12 глава
— …Ребята, выпрыгивай!
Это было похоже на страшный сон. Ночь словно закончилась раньше положенного: её порвали на куски артиллерийские залпы. Немцы отчаянно сопротивлялись, застигнутые врасплох Красной армией и всё равно на удивление подготовленные. Хотя с началом советского наступления им ничего не оставалось, кроме как укреплять оборону.
За секунду до Серёжиного выкрика в танк снаружи что-то ударилось. Резко стало жарко, сердце гулко стукнулось о рёбра и замерло. Мгновение — и волна паники нарастает не на шутку, потому что в любой момент следует ждать детонацию. Рванёт боекомплект, и пиши пропало.
Это должно было когда-нибудь случиться.
Антон не помнил, как выбирался из пылающего танка. Честно говоря, он и не надеялся особо. Просто на автомате заработал мышцами, выкатываясь через Серёжин люк и отползая подальше. Ослеплённое страхом сознание вбросило мысль о товарищах, и Антон посмотрел назад.
Свет горящей машины выхватывал силуэты: у Стаса, похоже, что-то стряслось с ногой при спрыгивании, потому что тот странно её подволакивал; Серёжа ему помогал — успел сориентироваться быстрее — и параллельно что-то кричал. От танка их отделял уже добрый десяток метров. А Арсений…
Арсений стоял прямо возле лижущих борта языков пламени. Он смотрел на них завороженно, как под гипнозом, и у Антона внутри всё оборвалось: через несколько мгновений прогремит взрыв, который погребёт Попова под обломками с украшением из его же внутренностей. Напрочь забыв про собственные увечья, Шастун вскочил на ноги и бросился к танку.
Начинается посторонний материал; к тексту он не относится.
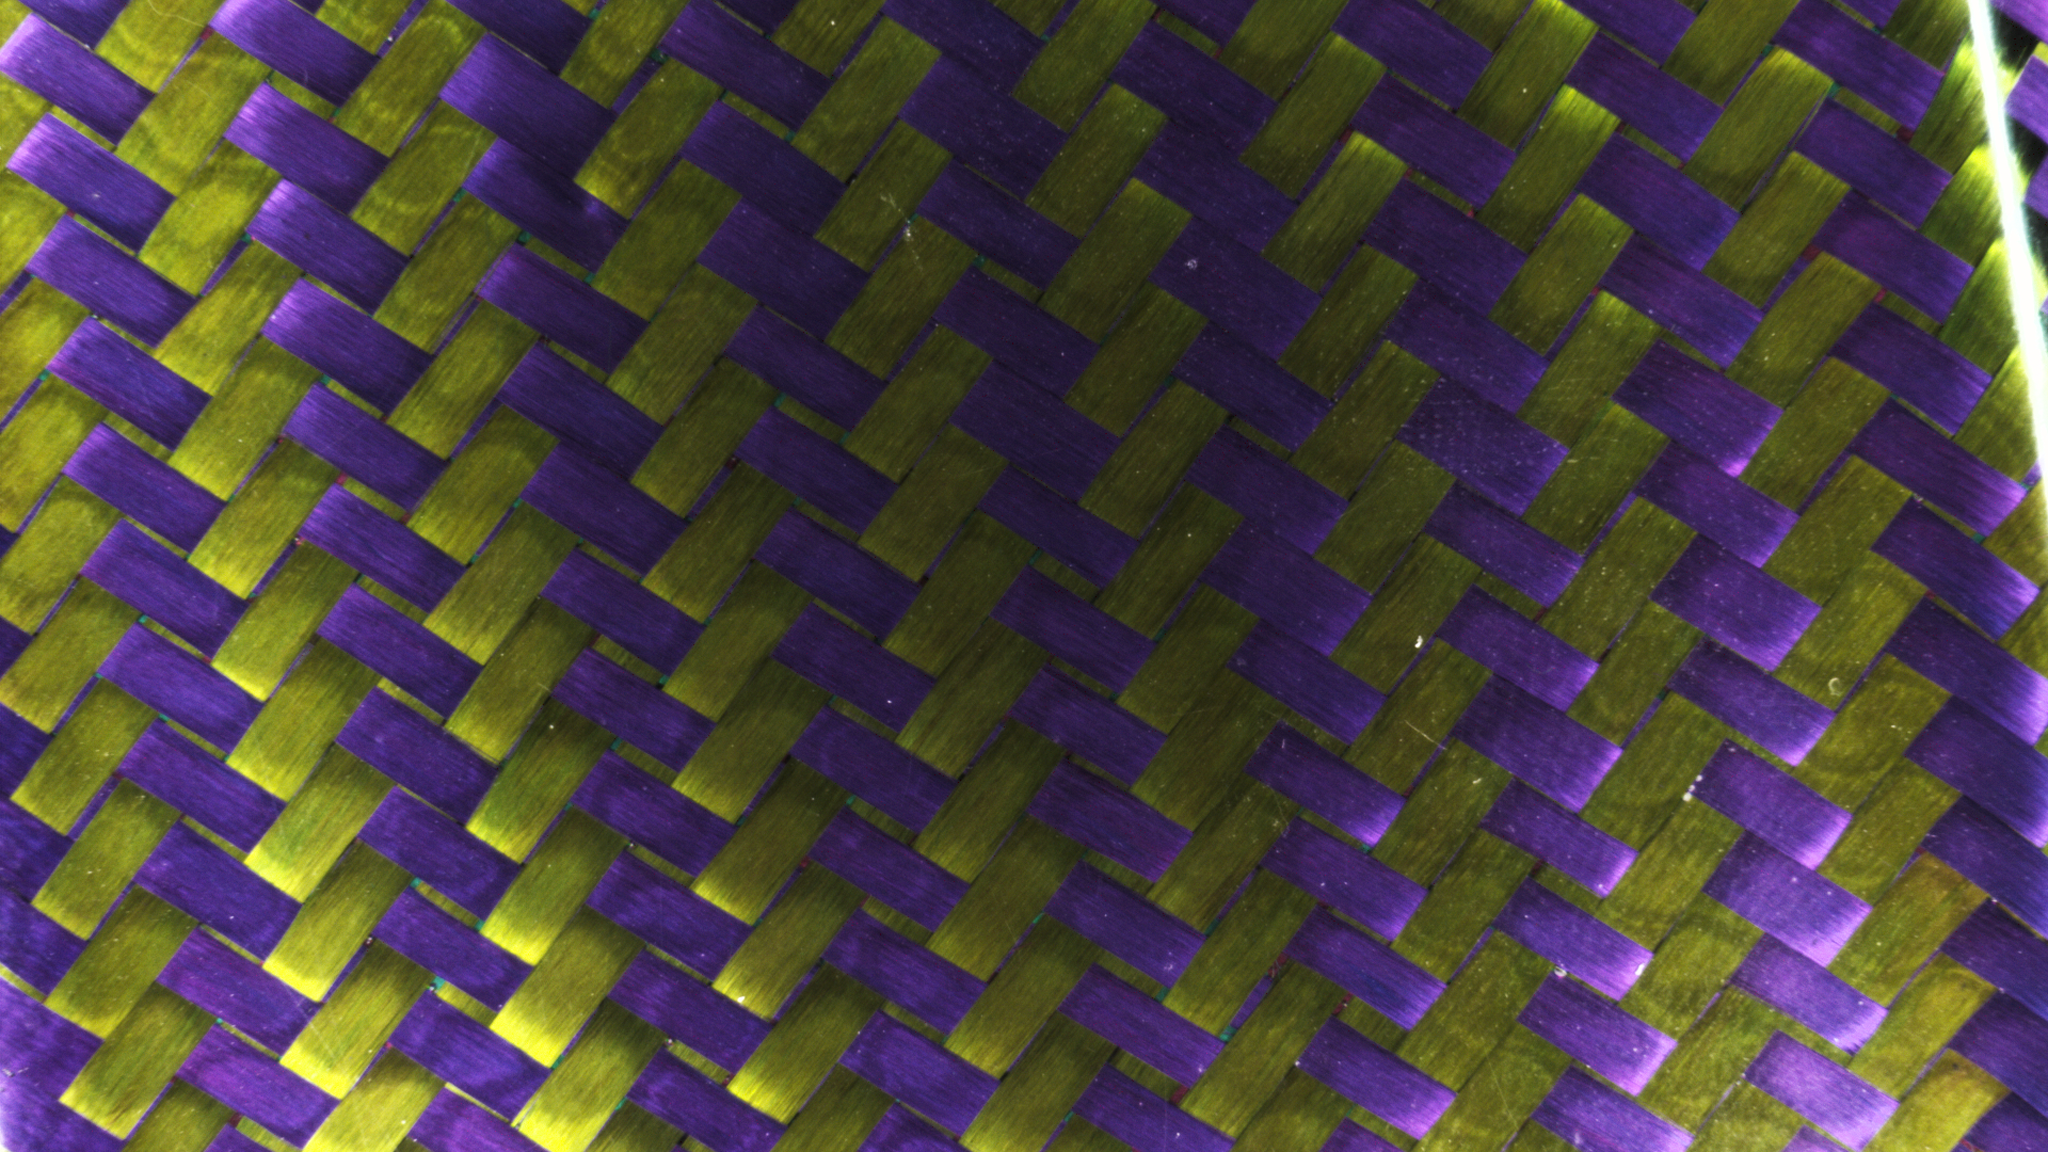 False color polarization image of CFRP fibres
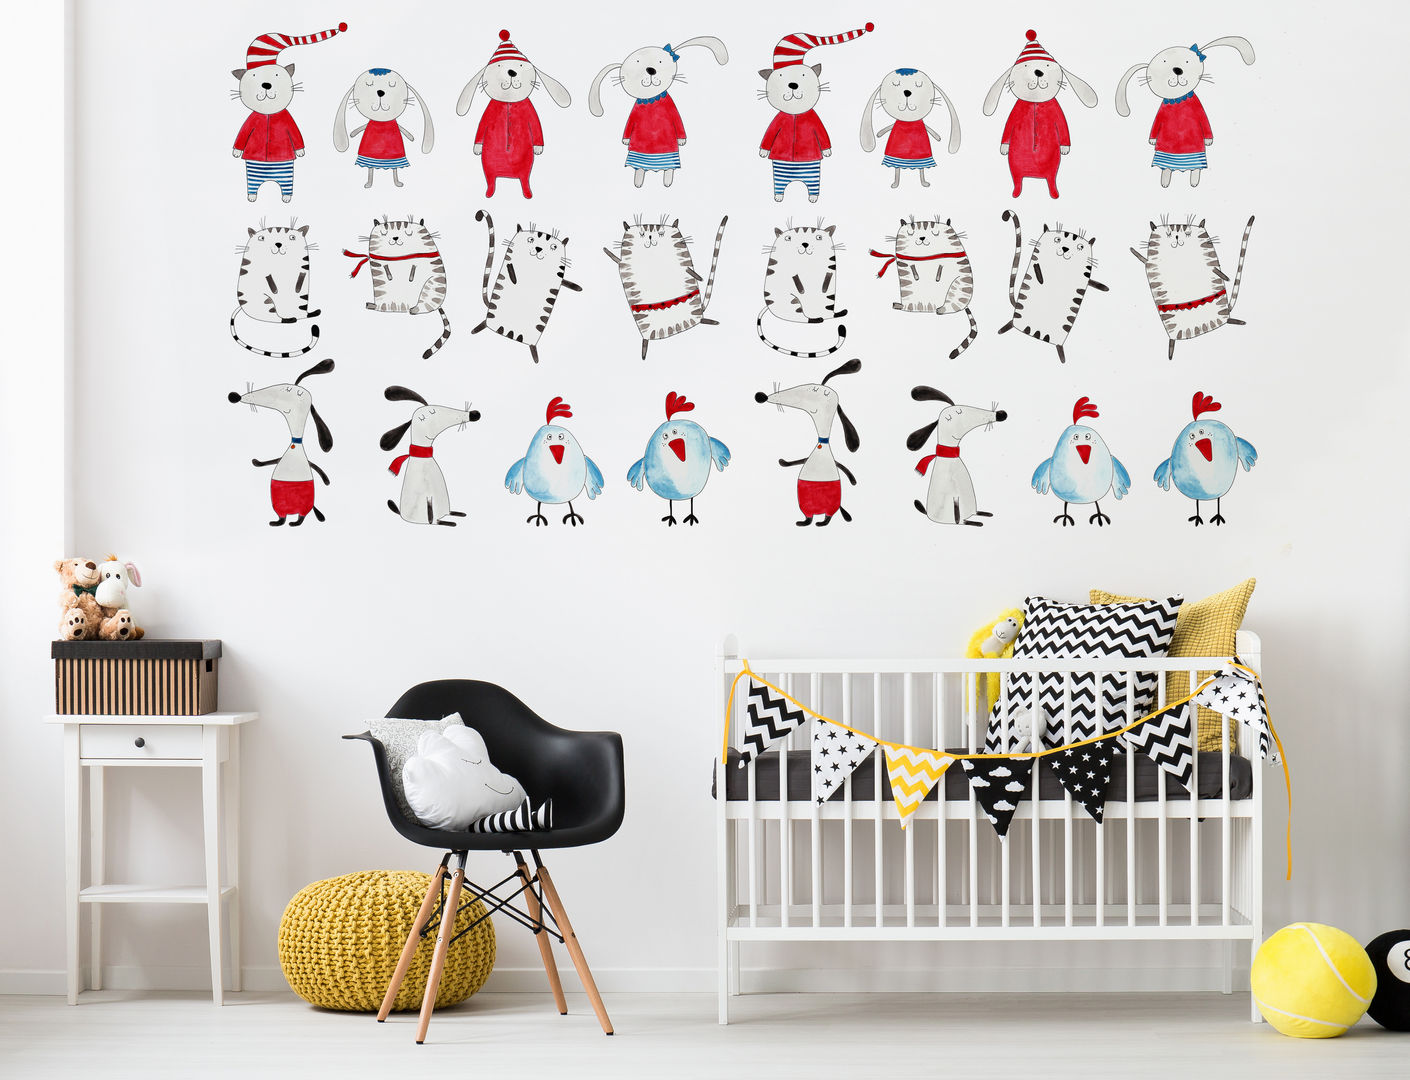 Little Friends Pixers Habitaciones para niños de estilo minimalista wall mural,wallpaper,kid,child,animals,drawing

— Арс! Арс, ты в своём уме?! Проваливай оттуда!
Арсений повернул к нему голову. На испачканном лице — ни одной эмоции, только жуткий блеск в глазах, говорящий: «Вот он, шанс всё закончить!» Антон закашлялся на очередном вдохе, поперхнувшись дымом и горячим воздухом. Глаза слезились.
— Арс!
Он замер в пяти шагах от пожара, не решаясь подойти ближе. Сколько времени прошло с начала этого безумия? Полминуты? Одна? Как бы то ни было, до взрыва оставалось ничтожно мало.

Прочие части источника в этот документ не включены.